Trikha S, Jeremic AM - PLoS ONE (2013)

Bottom Line: In contrast a majority of the oligomers at both early (1 hour) and late times (24 hours) traffic with a fluid-phase marker, dextran, to the same endocytotic compartments, the uptake of which is blocked by potent macropinocytotic inhibitors.This led to a significant increase in extra-cellular PM accumulation, in turn potentiating amylin toxicity in pancreatic cells.Our studies suggest that macropinocytosis is a major but not the only clearance mechanism for both amylin's molecular forms, thereby serving a cyto-protective role in these cells.

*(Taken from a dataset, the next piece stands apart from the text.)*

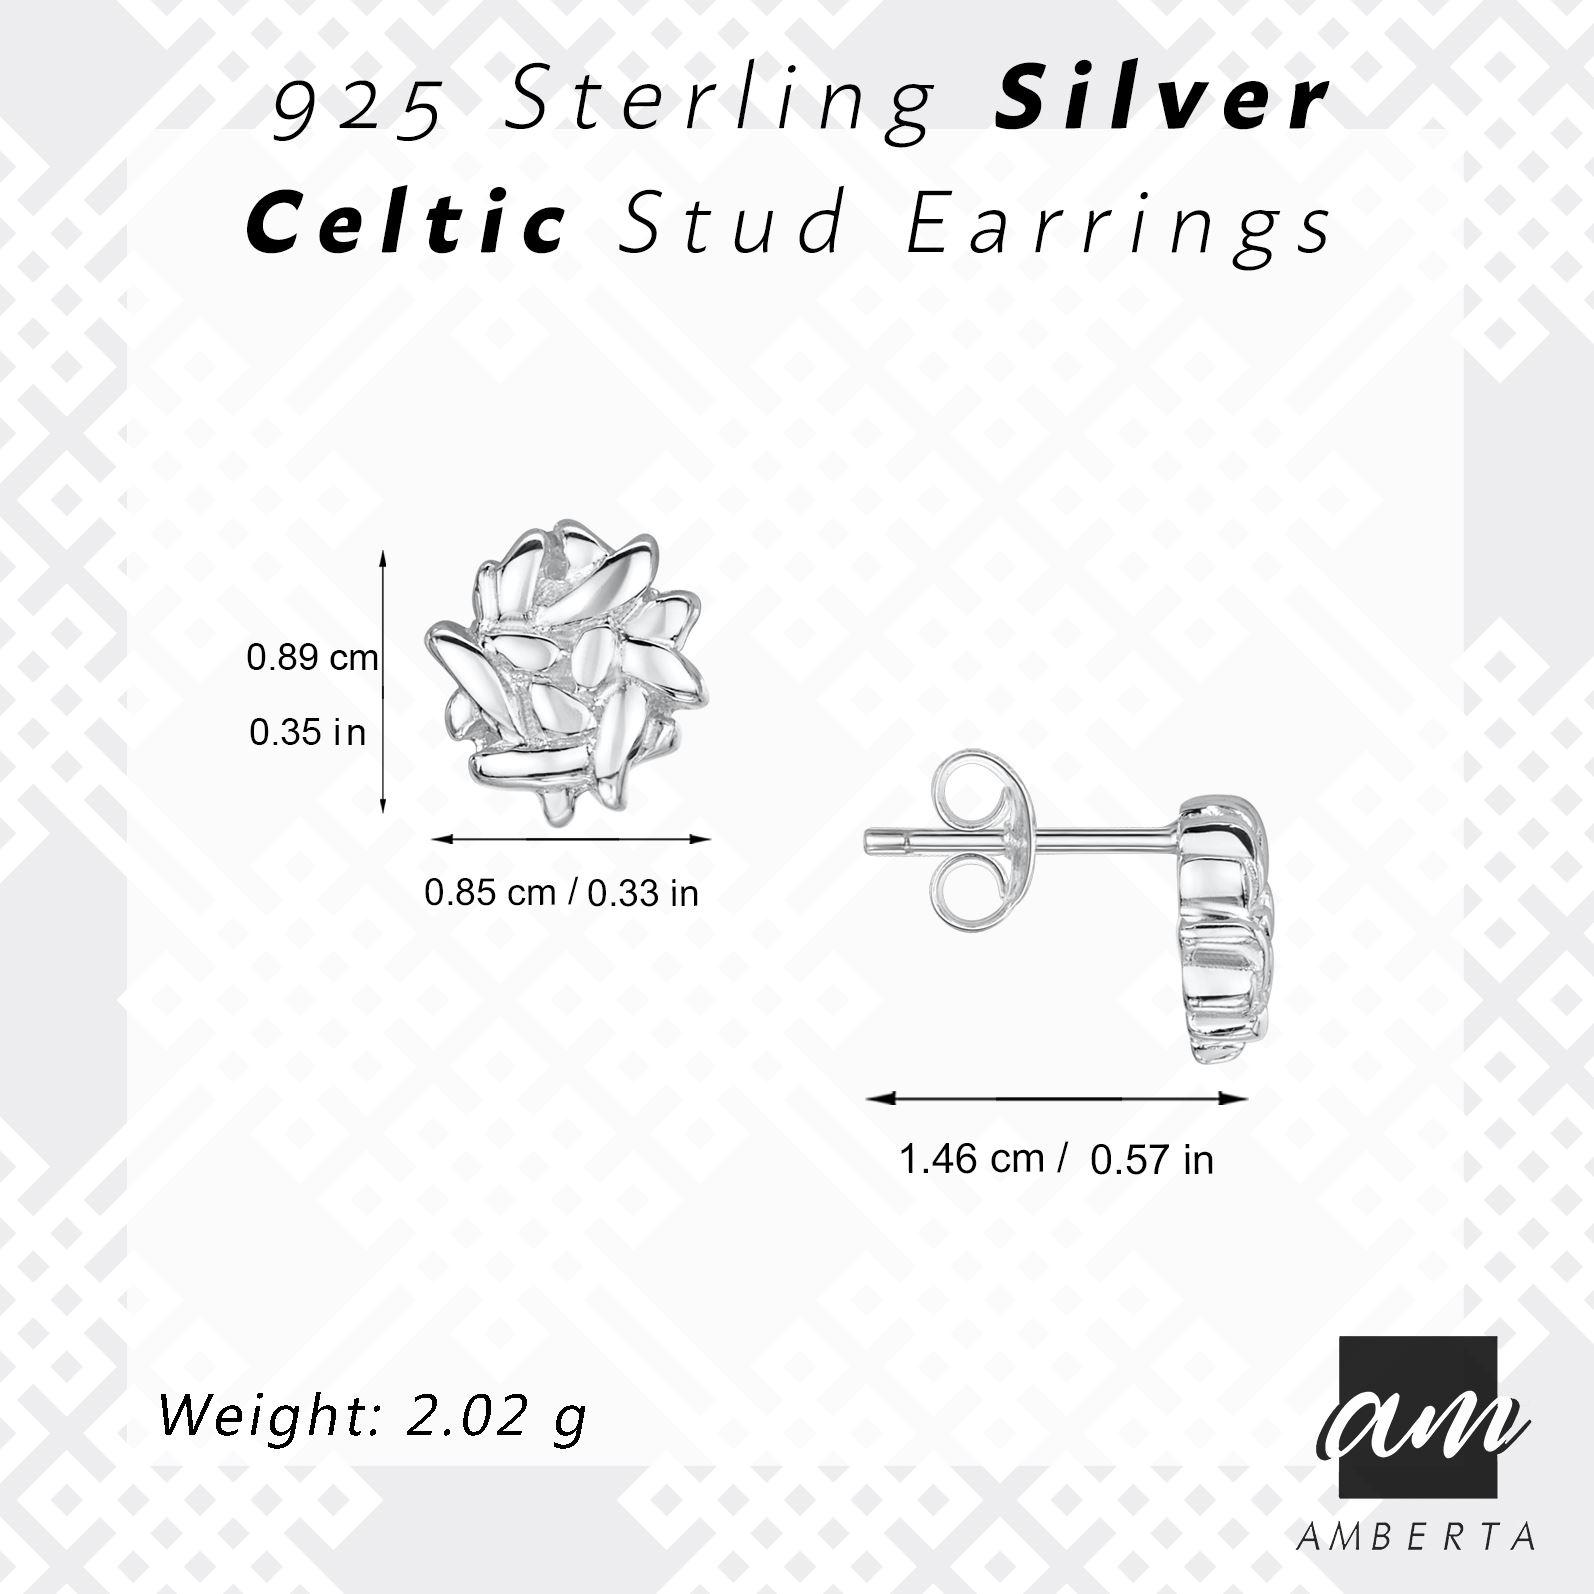 Amberta-925-Sterling-Silver-Celtic-Knot-Earrings-for-Women-Irish-Design miniature 9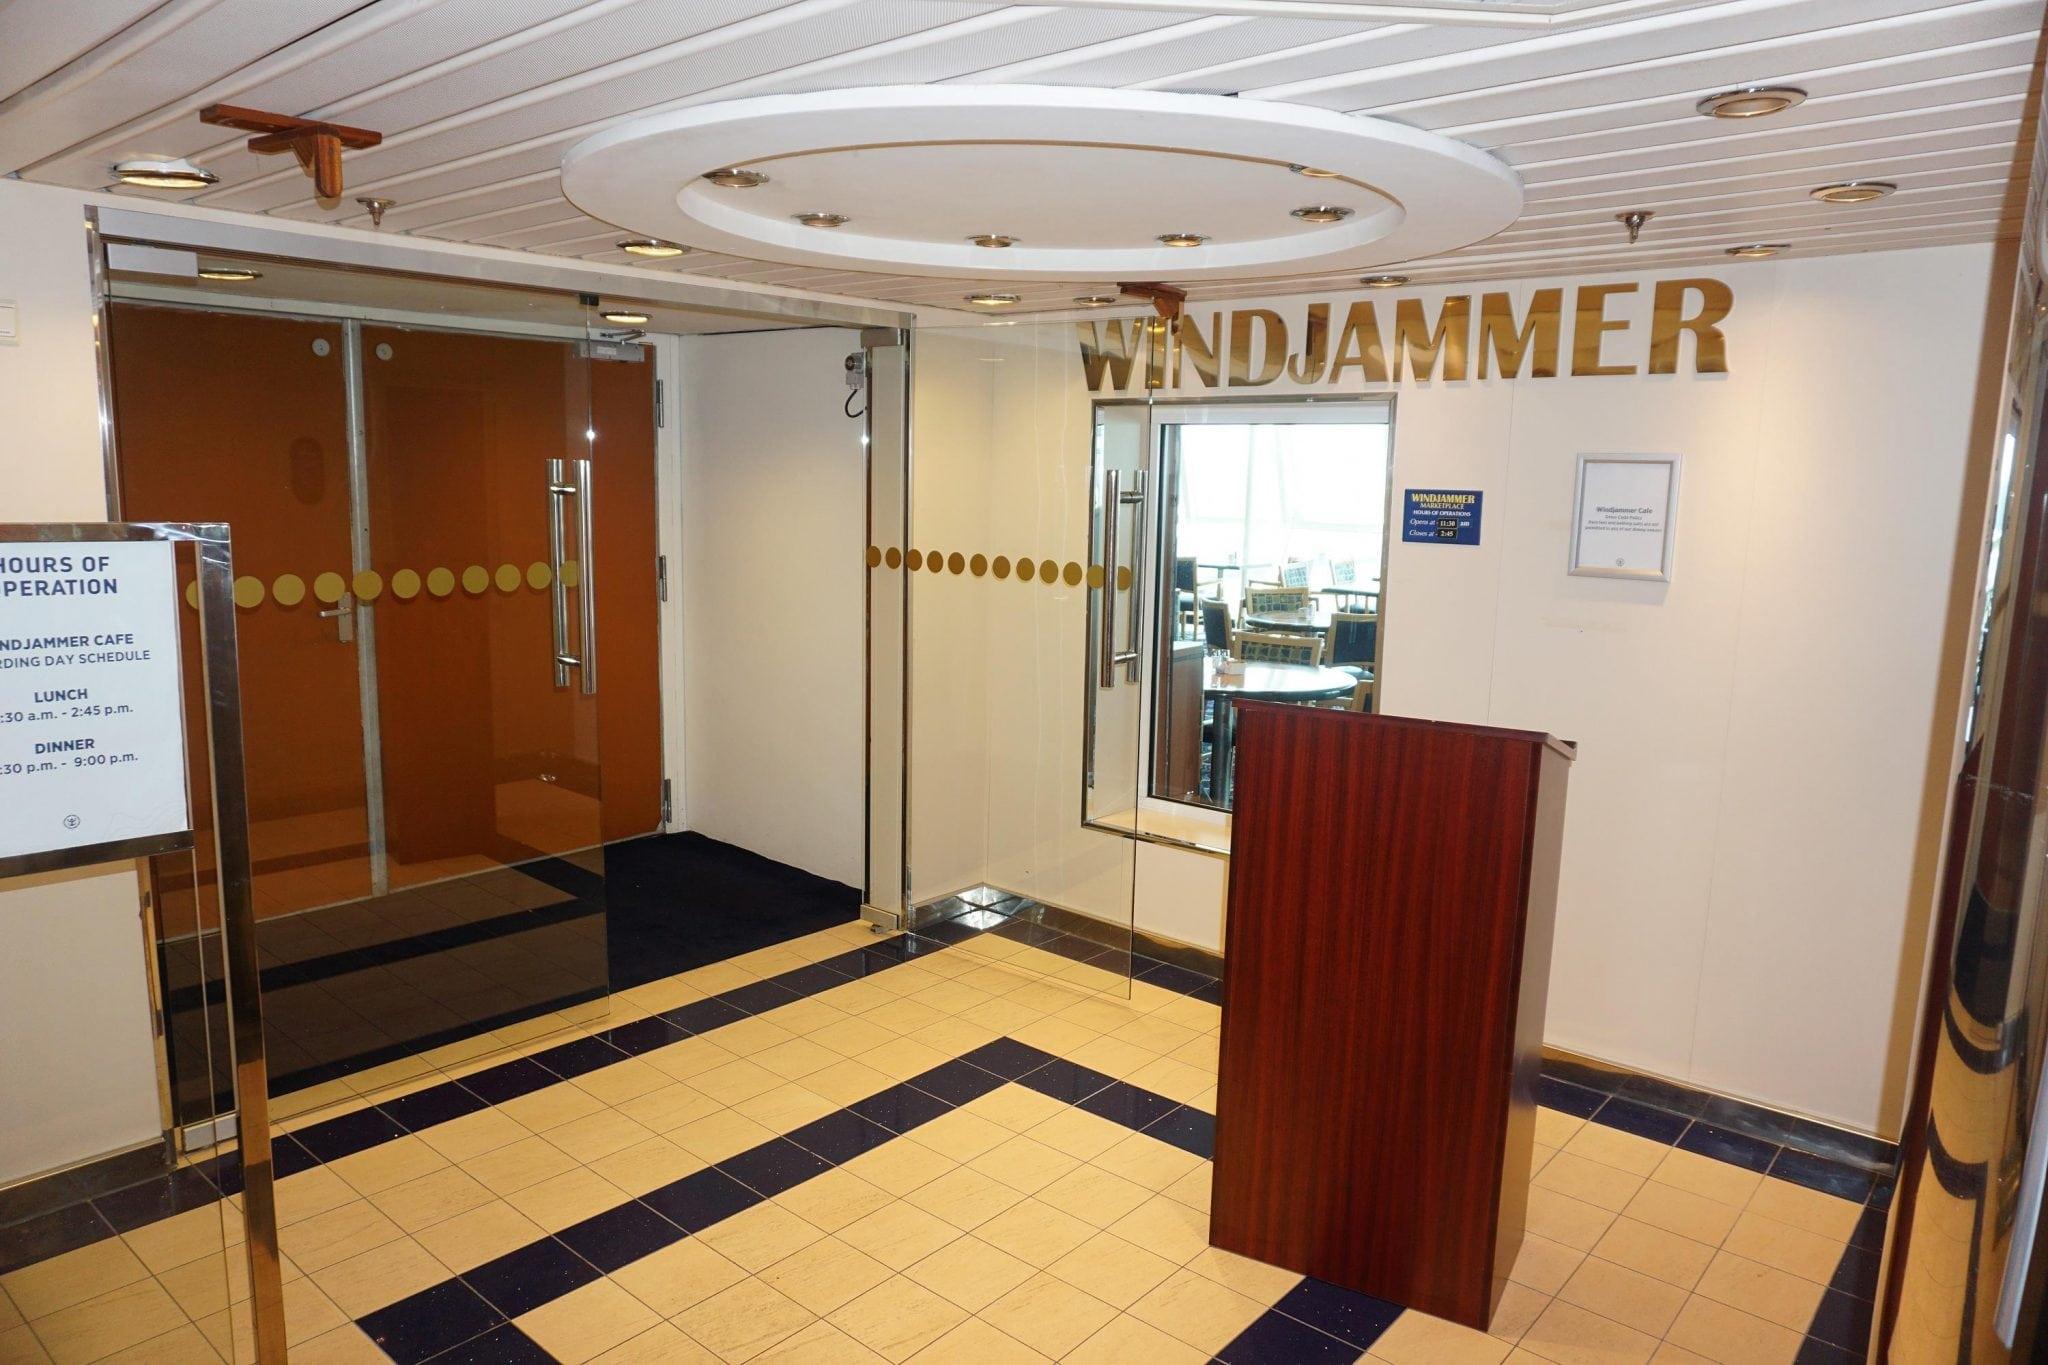 Entrance to Windjammer on Majesty

View Article: PubMed Central - PubMed

Affiliation: Department of Biological Sciences, The George Washington University, Washington, District of Columbia, United States of America.

ABSTRACT
Toxic human amylin oligomers and aggregates are implicated in the pathogenesis of type 2 diabetes mellitus (TTDM). Although recent studies have shown that pancreatic cells can recycle amylin monomers and toxic oligomers, the exact uptake mechanism and trafficking routes of these molecular forms and their significance for amylin toxicity are yet to be determined. Using pancreatic rat insulinoma (RIN-m5F) beta (β)-cells and human islets as model systems we show that monomers and oligomers cross the plasma membrane (PM) through both endocytotic and non-endocytotic (translocation) mechanisms, the predominance of which is dependent on amylin concentrations and incubation times. At low (≤ 100 nM) concentrations, internalization of amylin monomers in pancreatic cells is completely blocked by the selective amylin-receptor (AM-R) antagonist, AC-187, indicating an AM-R dependent mechanism. In contrast at cytotoxic (µM) concentrations monomers initially (1 hour) enter pancreatic cells by two distinct mechanisms: translocation and macropinocytosis. However, during the late stage (24 hours) monomers internalize by a clathrin-dependent but AM-R and macropinocytotic independent pathway. Like monomers a small fraction of the oligomers initially enter cells by a non-endocytotic mechanism. In contrast a majority of the oligomers at both early (1 hour) and late times (24 hours) traffic with a fluid-phase marker, dextran, to the same endocytotic compartments, the uptake of which is blocked by potent macropinocytotic inhibitors. This led to a significant increase in extra-cellular PM accumulation, in turn potentiating amylin toxicity in pancreatic cells. Our studies suggest that macropinocytosis is a major but not the only clearance mechanism for both amylin's molecular forms, thereby serving a cyto-protective role in these cells.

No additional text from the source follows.